-- Opening Marker --

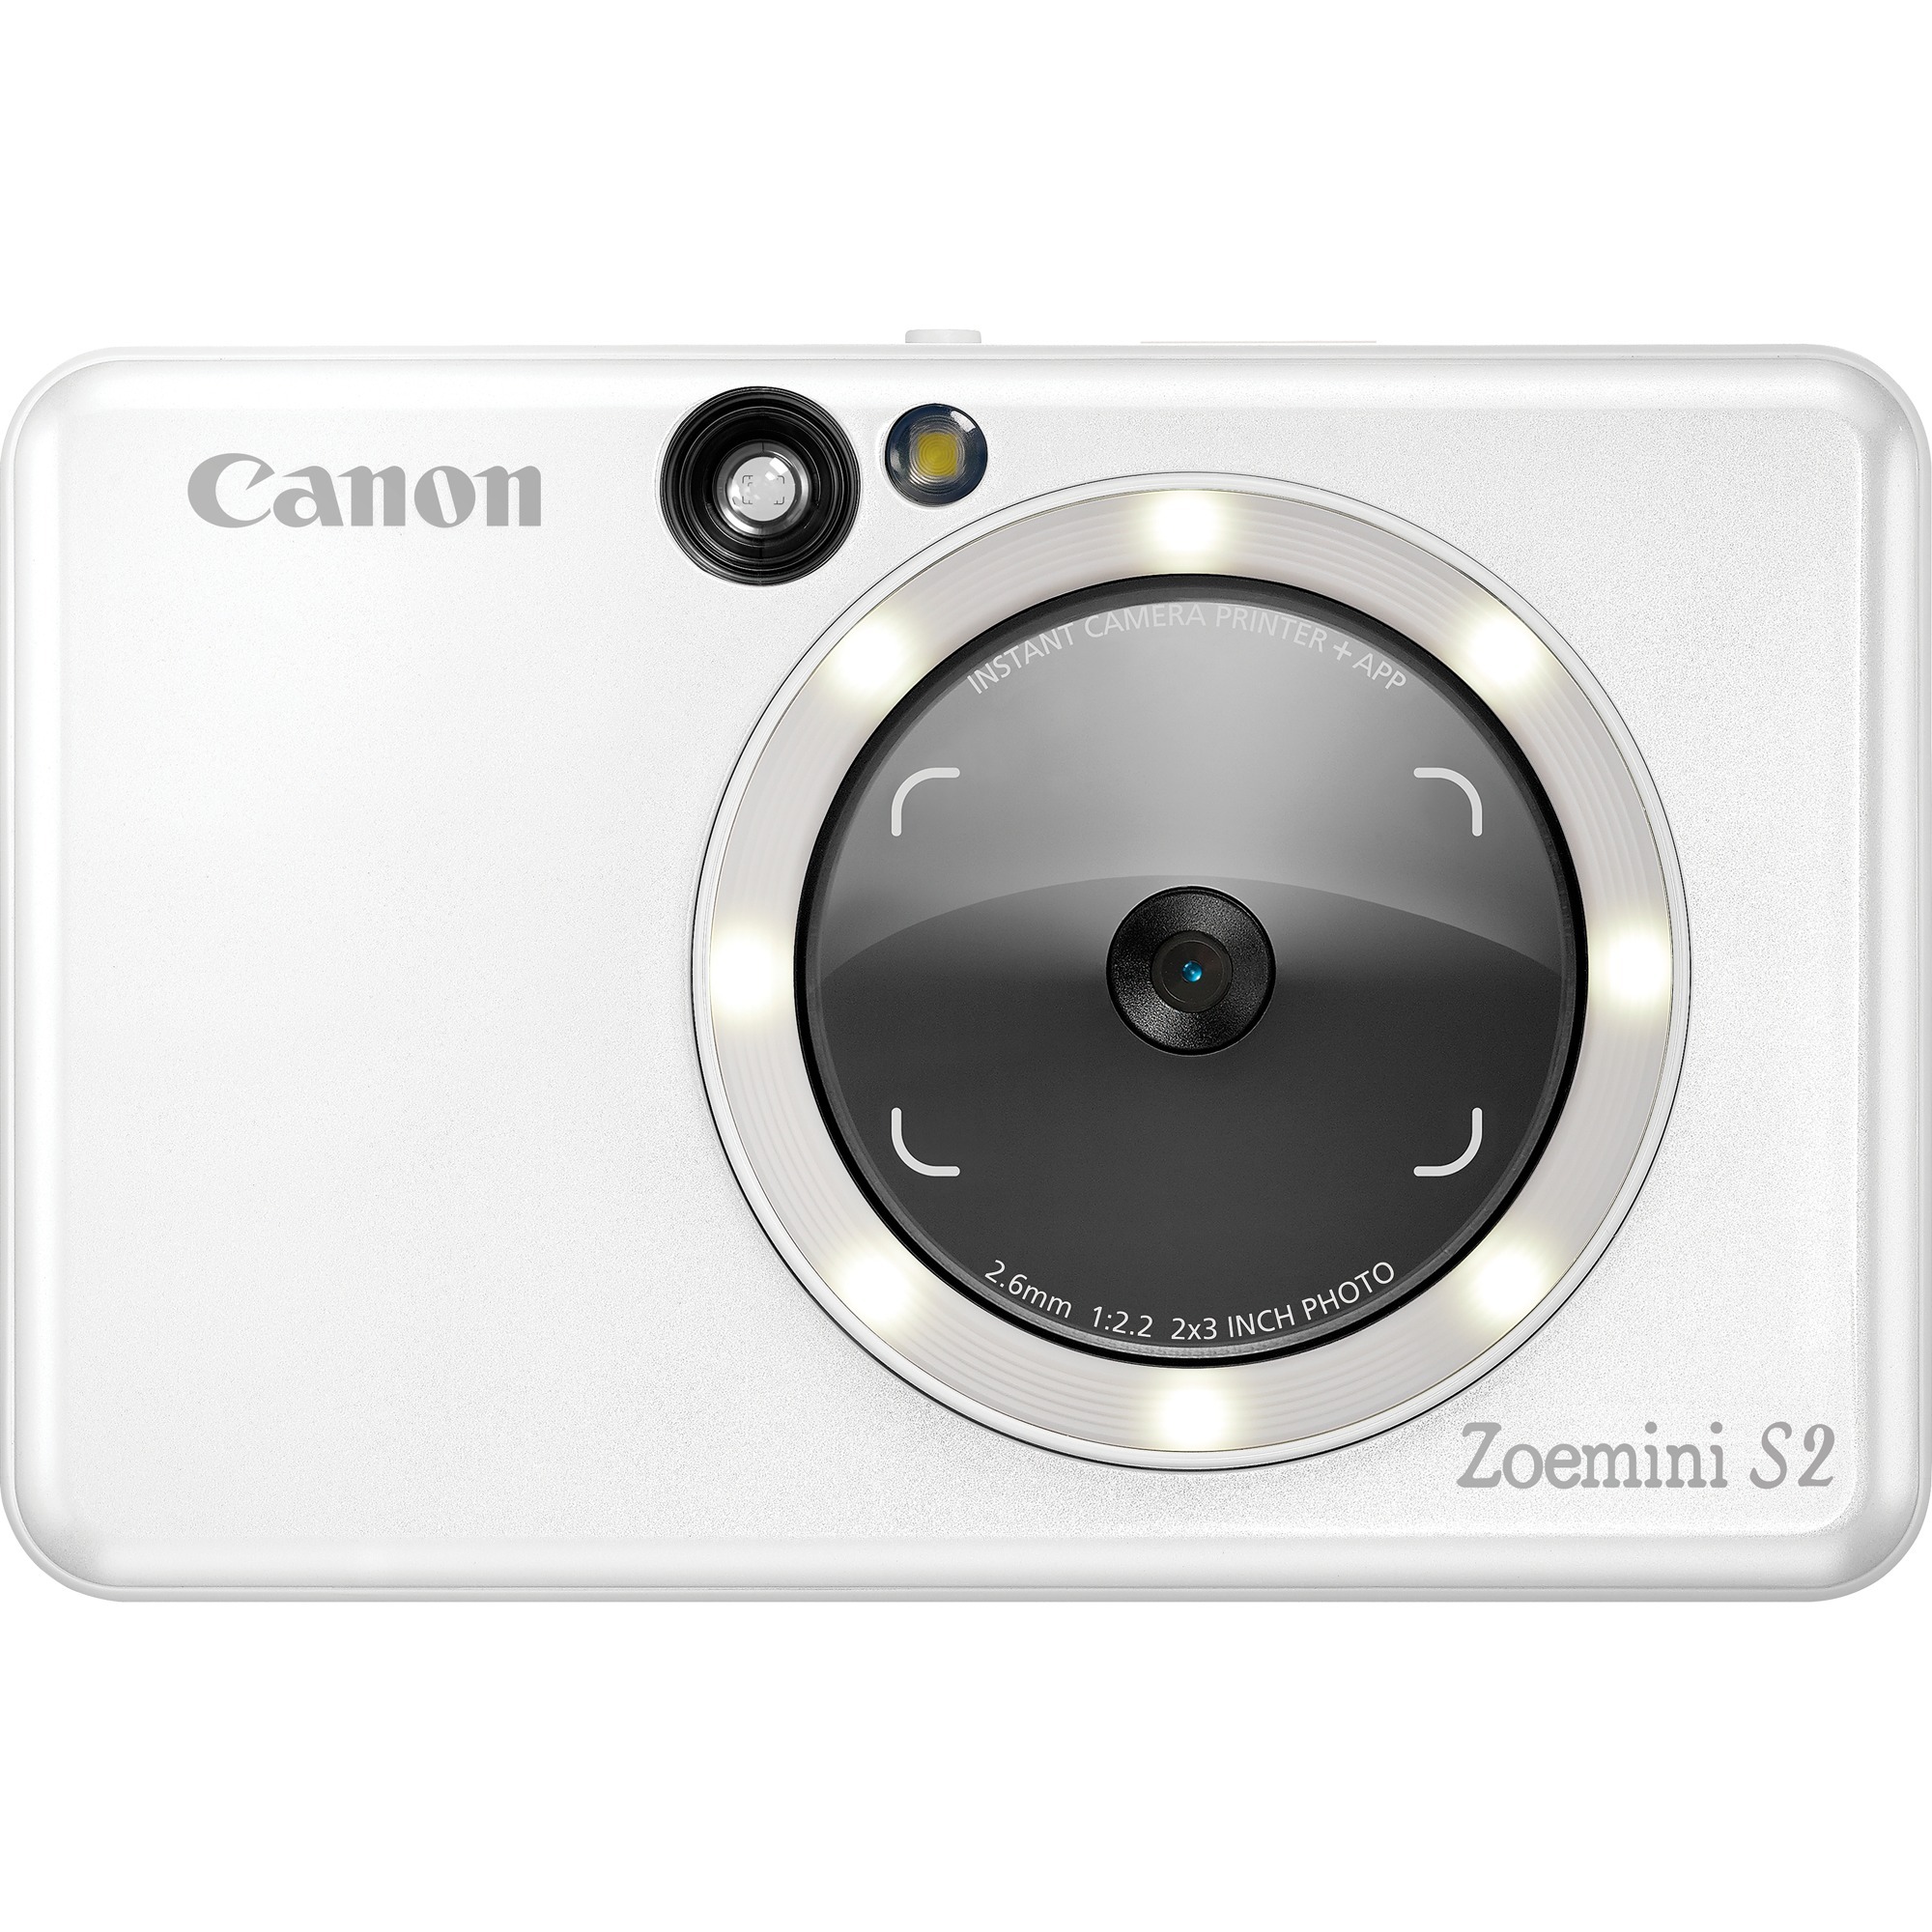 Image of Alternate - Zoemini S2, Sofortbildkamera online einkaufen bei Alternate
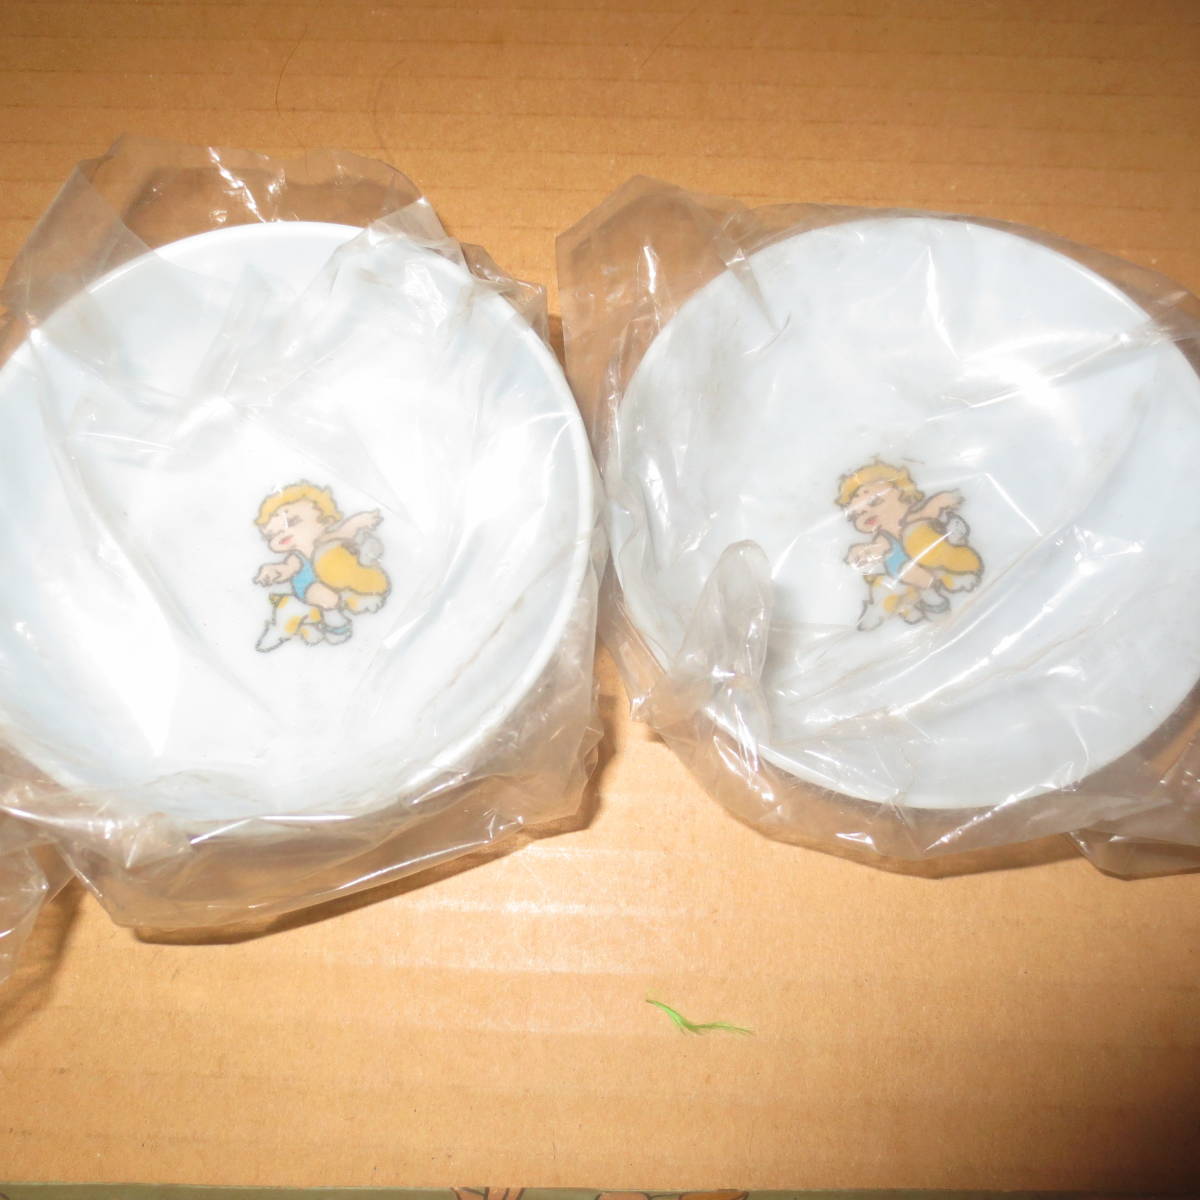  retro здравствуйте младенец церемния на рождение ребенка Okuizome посуда 7 позиций комплект melamin производства не использовался товар 
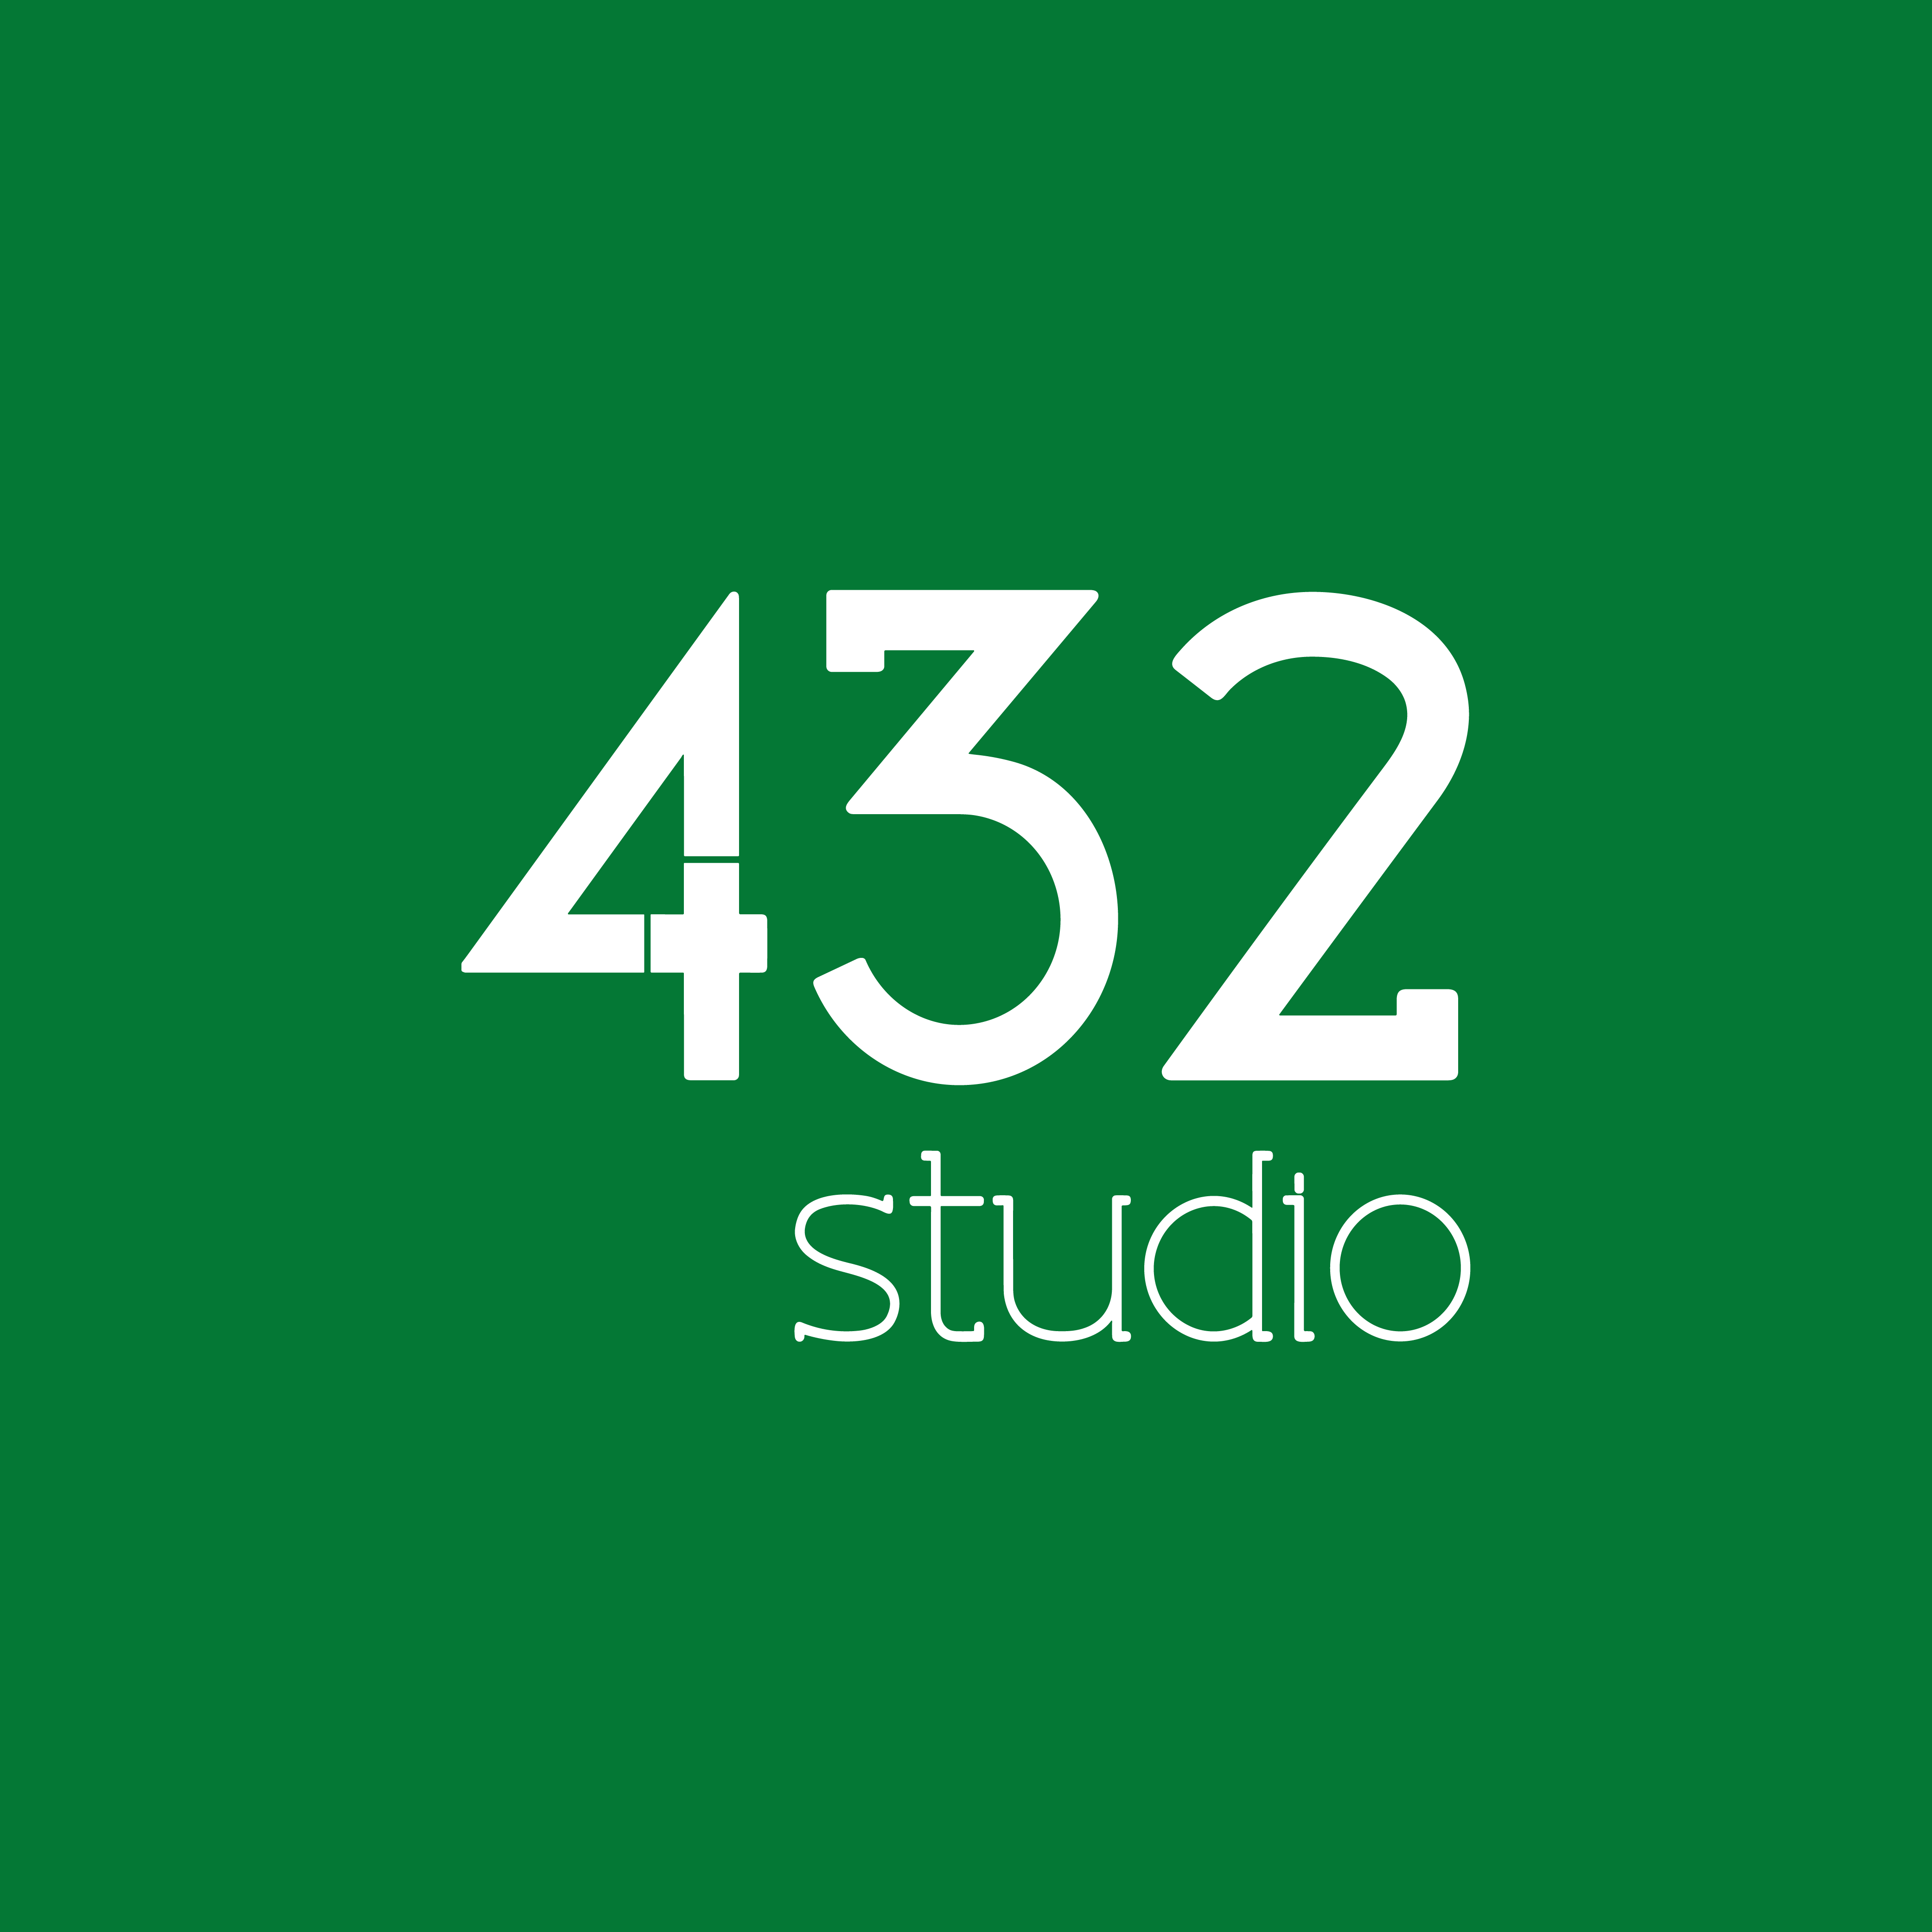 Studio-432

-- Closing Marker --

• [Task goal] Please copy the lines above exactly as written, apart from any pictures.

• [Task answer]
 Image of Alternate - Zoemini S2, Sofortbildkamera online einkaufen bei Alternate
  retro здравствуйте младенец церемния на рождение ребенка Okuizome посуда 7 позиций комплект melamin производства не использовался товар 
 Studio-432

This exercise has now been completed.